For those of you who's significant other turns up their nose at beer, pick up some raspberry lambic and good stout or porter. Mix 50/50 and you have a raspberry truffle.


----------



## BeardedConservative (Jan 11, 2014)

Raksasa Kotor said:


> For those of you who's significant other turns up their nose at beer, pick up some raspberry lambic and good stout or porter. Mix 50/50 and you have a raspberry truffle.



Uhh I love beer but this sounds awesome! Lambics are great, I've gotten a lot into sours and Saison's.


----------



## policemedic (Jan 11, 2014)

Raksasa Kotor said:


> For those of you who's significant other turns up their nose at beer, pick up some raspberry lambic and good stout or porter. Mix 50/50 and you have a raspberry truffle.



Along the same lines, draught Guinness floated over draught Sam Adams Cherry Wheat is very good.  Names vary; locally it's either a black cherry or a chocolate covered cherry. 

It also works with good cider (dirty apple).


----------



## BeardedConservative (Jan 11, 2014)

That's the nice thing it's as if Guinness was created to have another beer/cider added together in a glass. Those Irish knew what they were doing. A quick switch but The Scots also know their way around a good scotch.


----------



## TLDR20 (Jan 12, 2014)

policemedic said:


> It also works with good cider (dirty apple).



Snakebite...


----------



## BeardedConservative (Jan 14, 2014)

http://mobile.nytimes.com/blogs/dea...-buy-maker-of-jim-beam-for-13-6-billion/?_r=0

Unrelated to beer, but a sad day in whiskey. Although not surprised as Jim Beam IMO is worse than being the Schlitz of whiskey, and the fact they originally wanted to water down Maker's was a huge no-no. Still sad that Beam couldn't hold their own and had to be bought out, I get huge for shareholders but will the quality get better? I doubt it as it's just more $$$ in the pockets.


----------



## JHD (Jan 14, 2014)

It appears I am in good company in this thread.  If I drink beer, it is a Sam Adams, Yuengling, Amstel or Blue Moon.


----------



## Red-Dot (Jan 14, 2014)

Beer....mmmmmm...... I'm a big Samuel Smiths oatmeal stout, Rouge Dead Guy, and Hobgoblin fan!  And then there's scotch!

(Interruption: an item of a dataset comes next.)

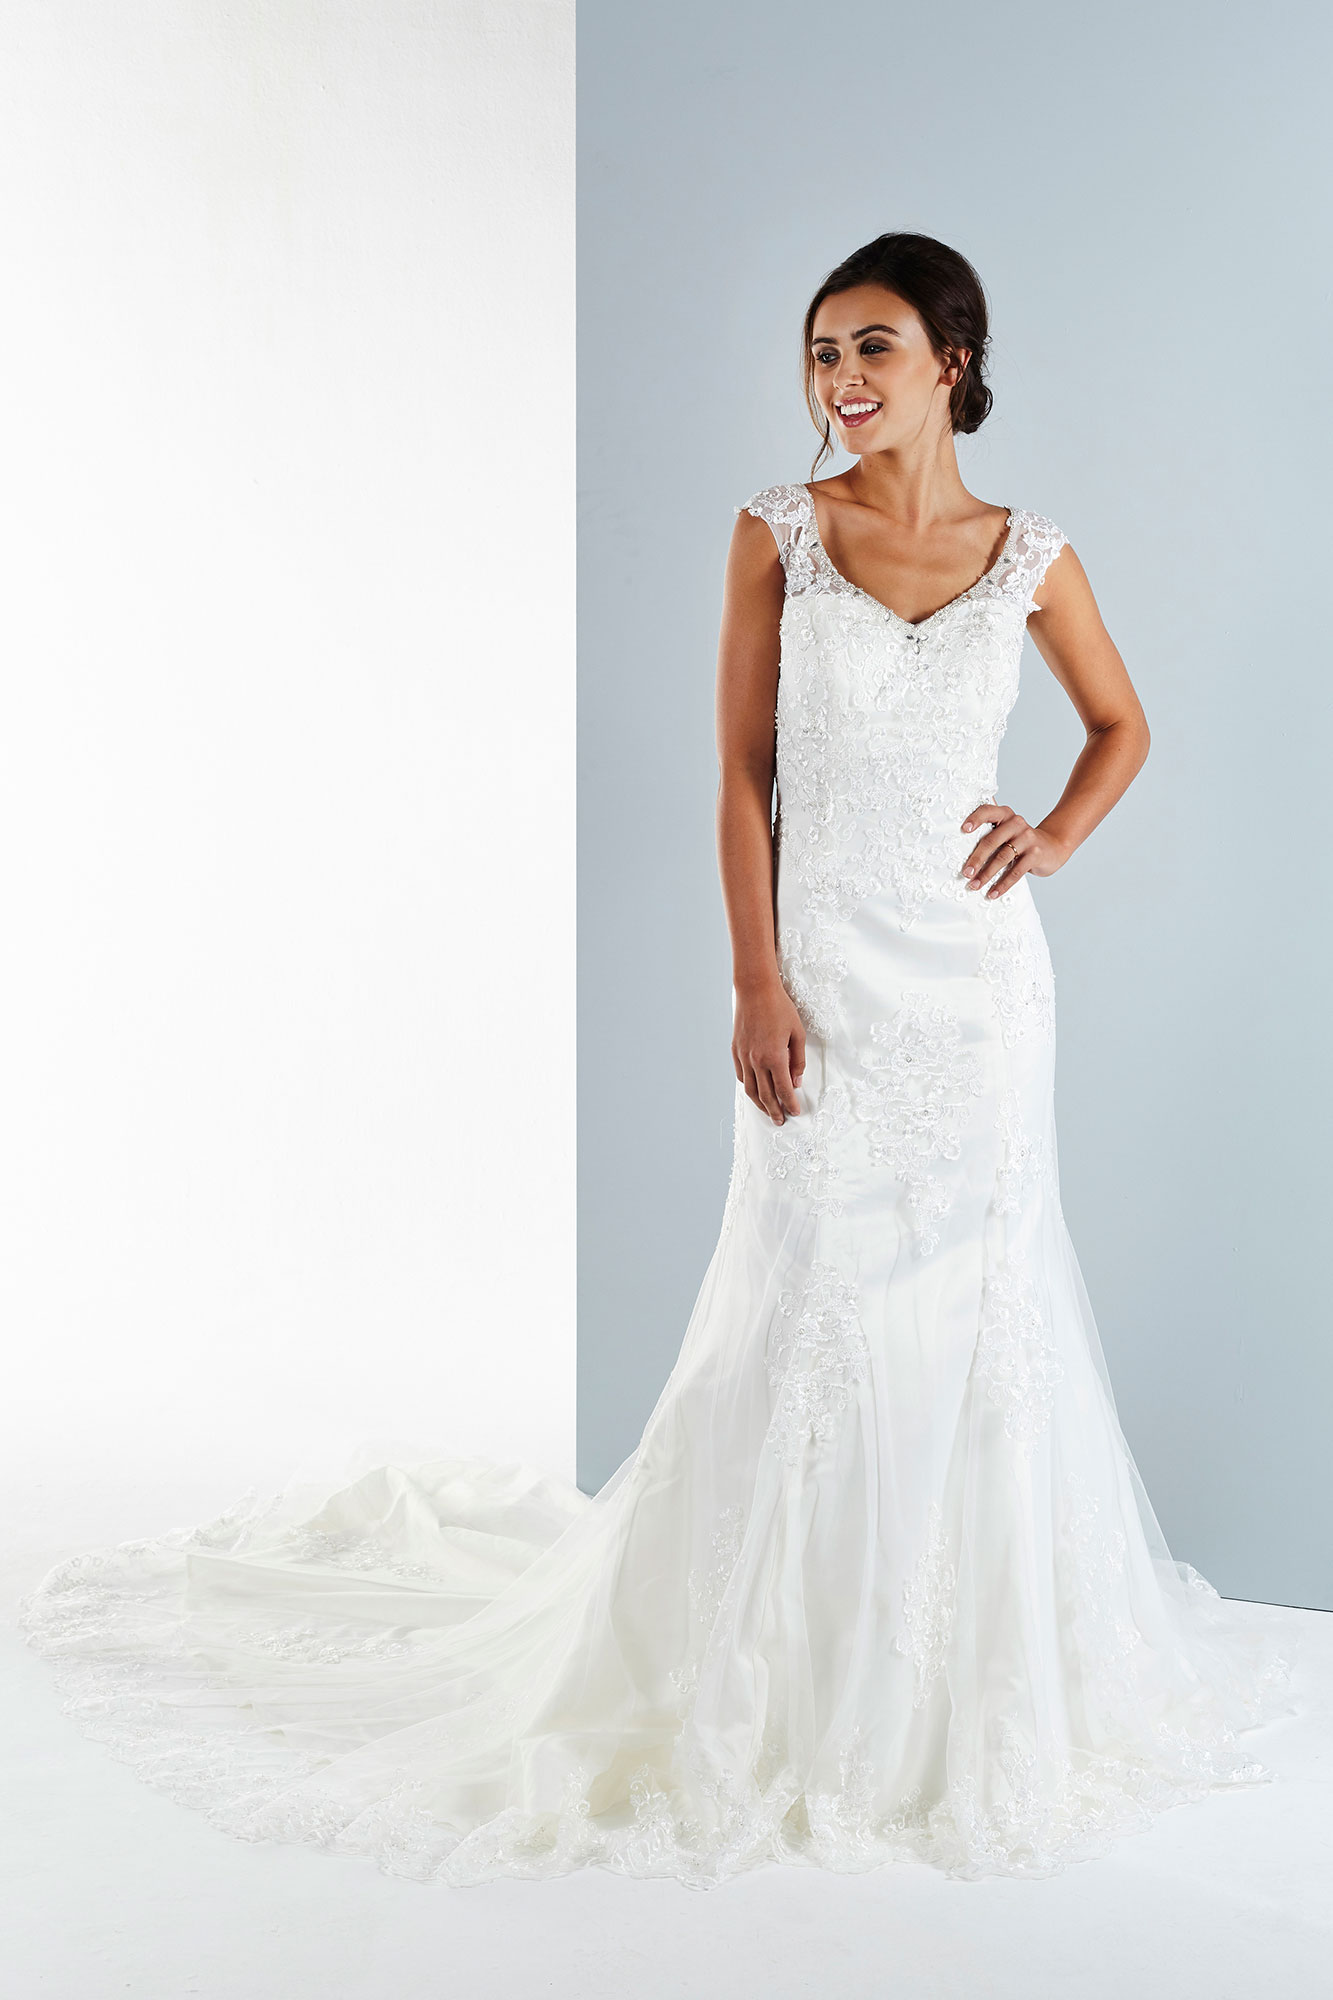 Pippa - A stunning lace wedding gown | WED4LESS OUTLETS ~ Wedding Dress ...

Stay thirsty my friends...


----------



## x SF med (Jan 14, 2014)

Red-Dot said:


> Beer....mmmmmm...... I'm a big Samuel Smiths oatmeal stout, Rouge Dead Guy, and Hobgoblin fan!  And then there's scotch!
> 
> Stay thirsty my friends...



there is another thread or three where scotch is mentioned...   please keep with the beer portion of our program, or we will have to ask you to leave... your choice of bouncers are Bruno the Wonder Mutt, or Sasquatch...


----------



## BeardedConservative (Jan 15, 2014)

Red-Dot said:


> Beer....mmmmmm...... I'm a big Samuel Smiths oatmeal stout, Rouge Dead Guy, and Hobgoblin fan!  And then there's scotch!
> 
> Stay thirsty my friends...



Love Samuel Smiths! Taddycaster is defo my favorite from them, also love Heady topper out of I think Cermont and Three Floyd's.


----------



## Scubadew (Jan 15, 2014)

Lately it's been Samuel Adams Winter Lager and Sierra Nevada Ruthless Rye. If anyone makes it up to Maine they can give Gritty McDuff's a shot.


----------



## CDG (Jan 15, 2014)

Yeti Oatmeal Stout from Great Divide Brewing in CO. 
Wake N' Bake Coffee Oatmeal Stout from Terrapin Beer Co. in GA.
Jefferson Reserve Bourbon Barrel Stout from Bluegrass Brewing in KY.
Old Rasputin Russian Imperial Stout from North Coast Brewing in NC.


----------



## ManBearPig (Jan 16, 2014)

Sierra Nevada Pale Ale
Lagunitas IPA
Stone IPA and the Levitation Ale
Moylan's Kilt Lifter and the NORCAL IPA
PBR
Etc...


----------



## Red-Dot (Jan 16, 2014)

Oh.....one more.... this one will knock the balls off a charging rhino at 50 paces..... St. Bernardus Abt 12. Its right around 10% ABV very smooth and deceptive.....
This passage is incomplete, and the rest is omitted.